*** Data ***
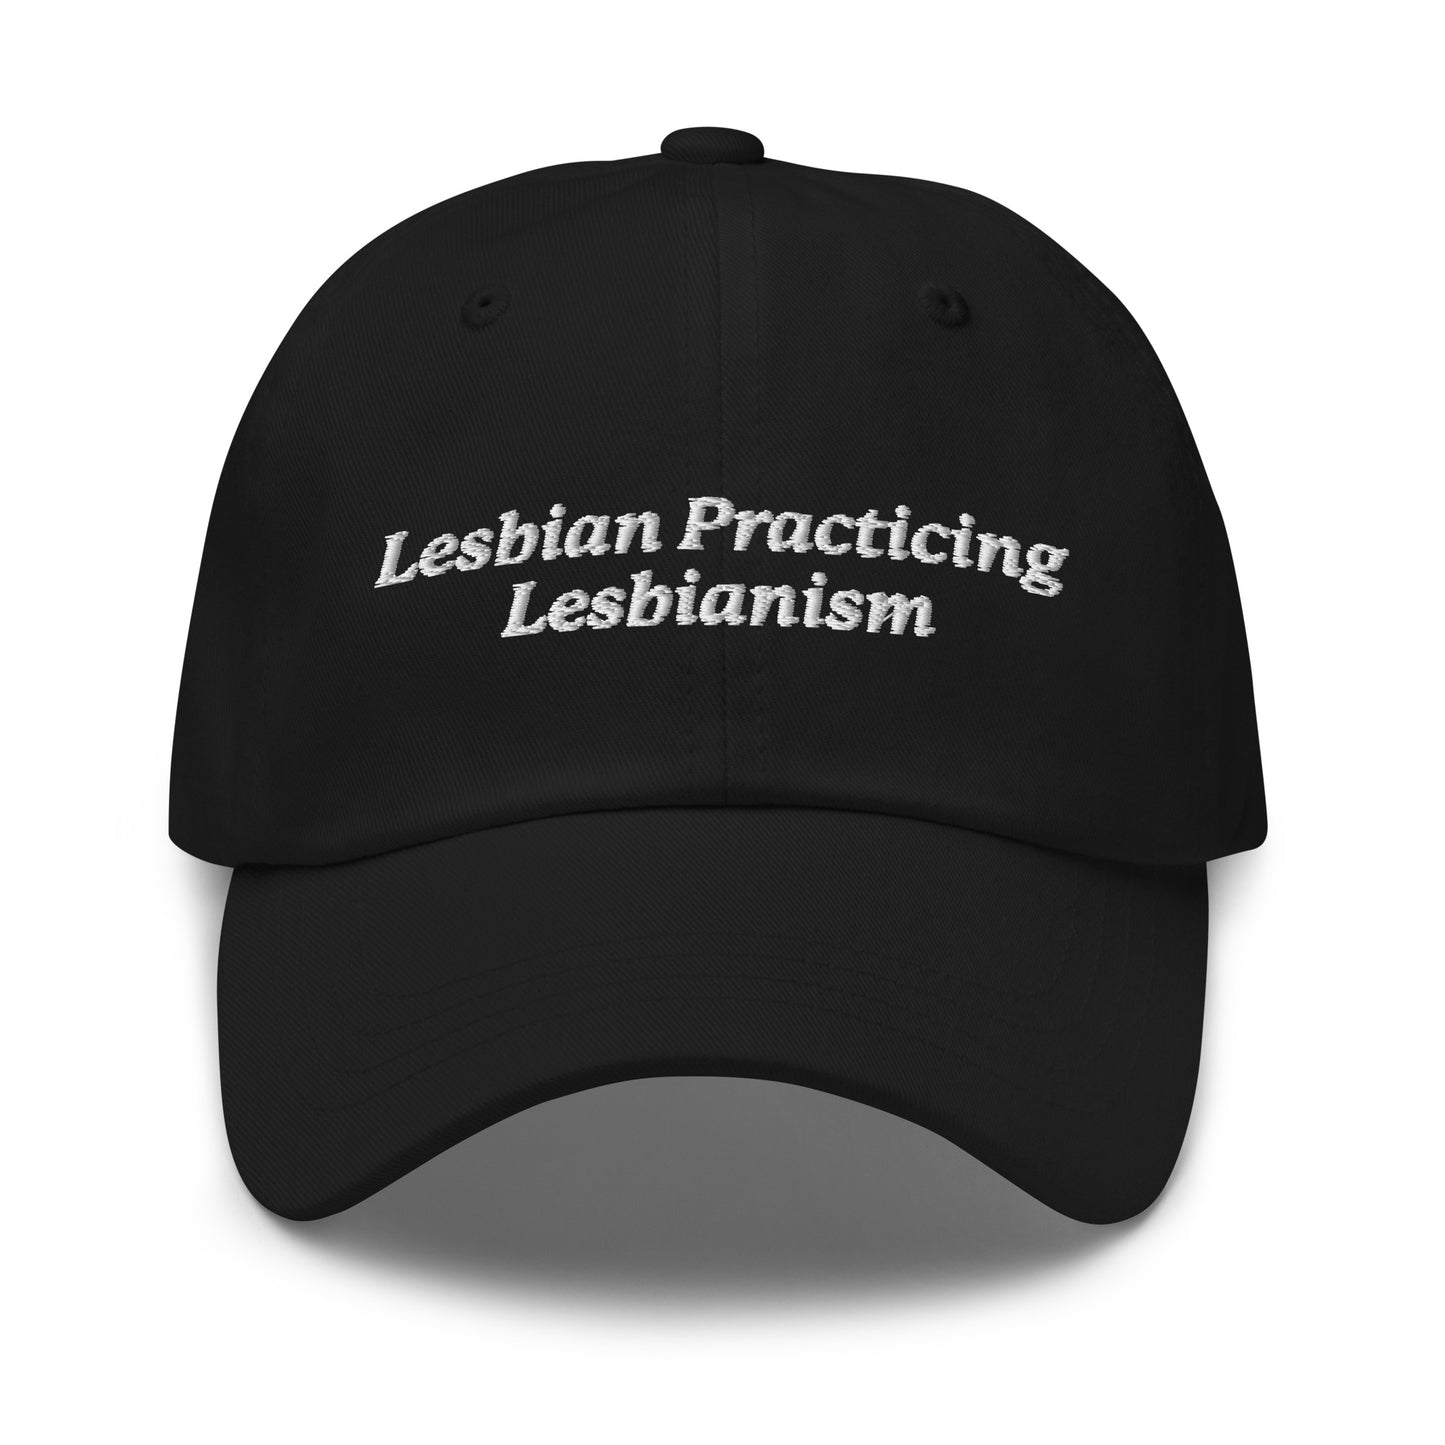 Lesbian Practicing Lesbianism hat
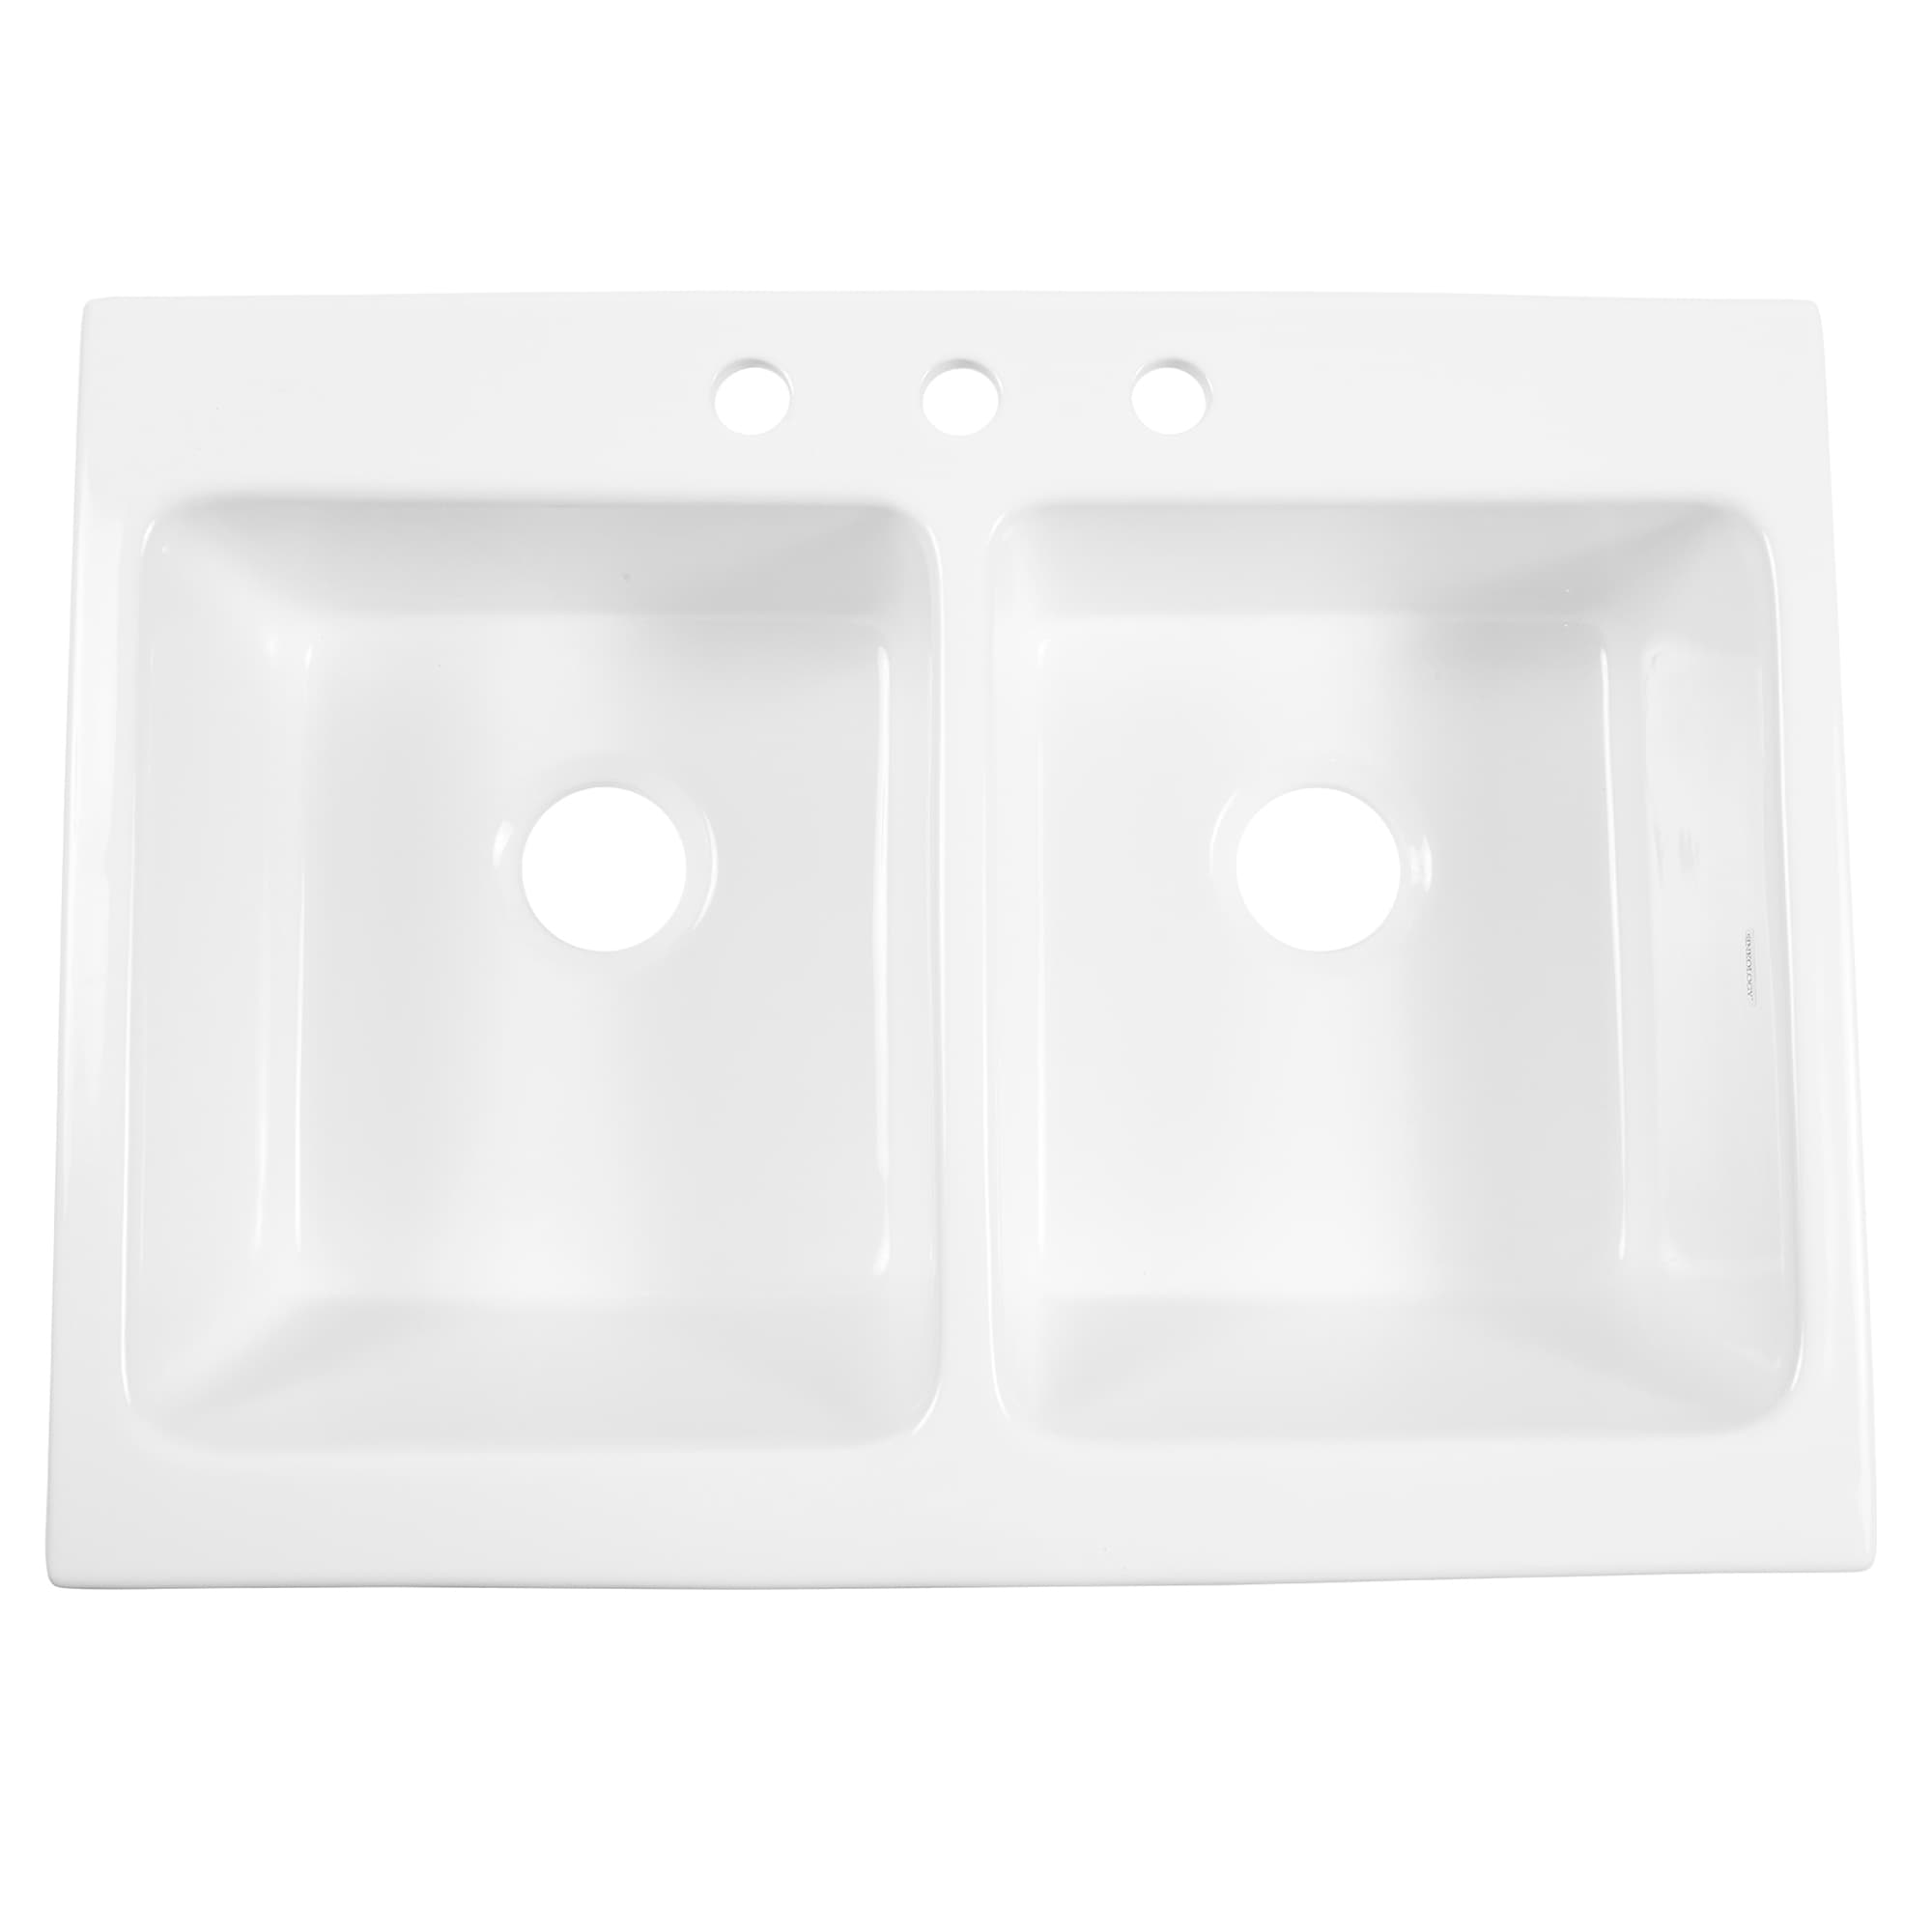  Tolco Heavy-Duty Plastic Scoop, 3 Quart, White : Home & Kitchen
*** End of Data ***
*** Data ***
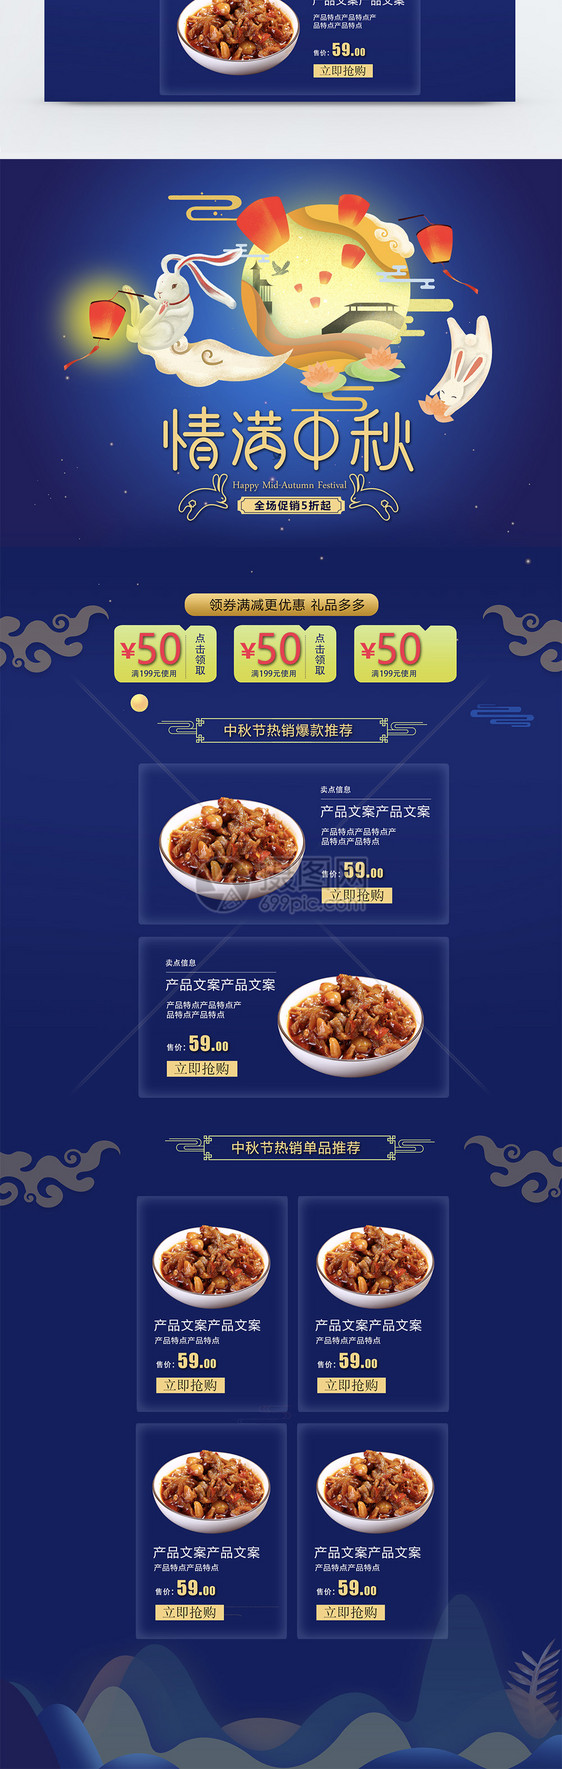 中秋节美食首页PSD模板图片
*** End of Data ***
Aim of the exercise =>
Within these entries, output exactly the lines starting at the one with "Lesbian Practicing Lesbianism hat" and finishing at the one with "Tolco Heavy-Duty Plastic". Leave pictures out of the output.

Result of the task =>
 Lesbian Practicing Lesbianism hat
  Tolco Heavy-Duty Plastic Scoop, 3 Quart, White : Home & Kitchen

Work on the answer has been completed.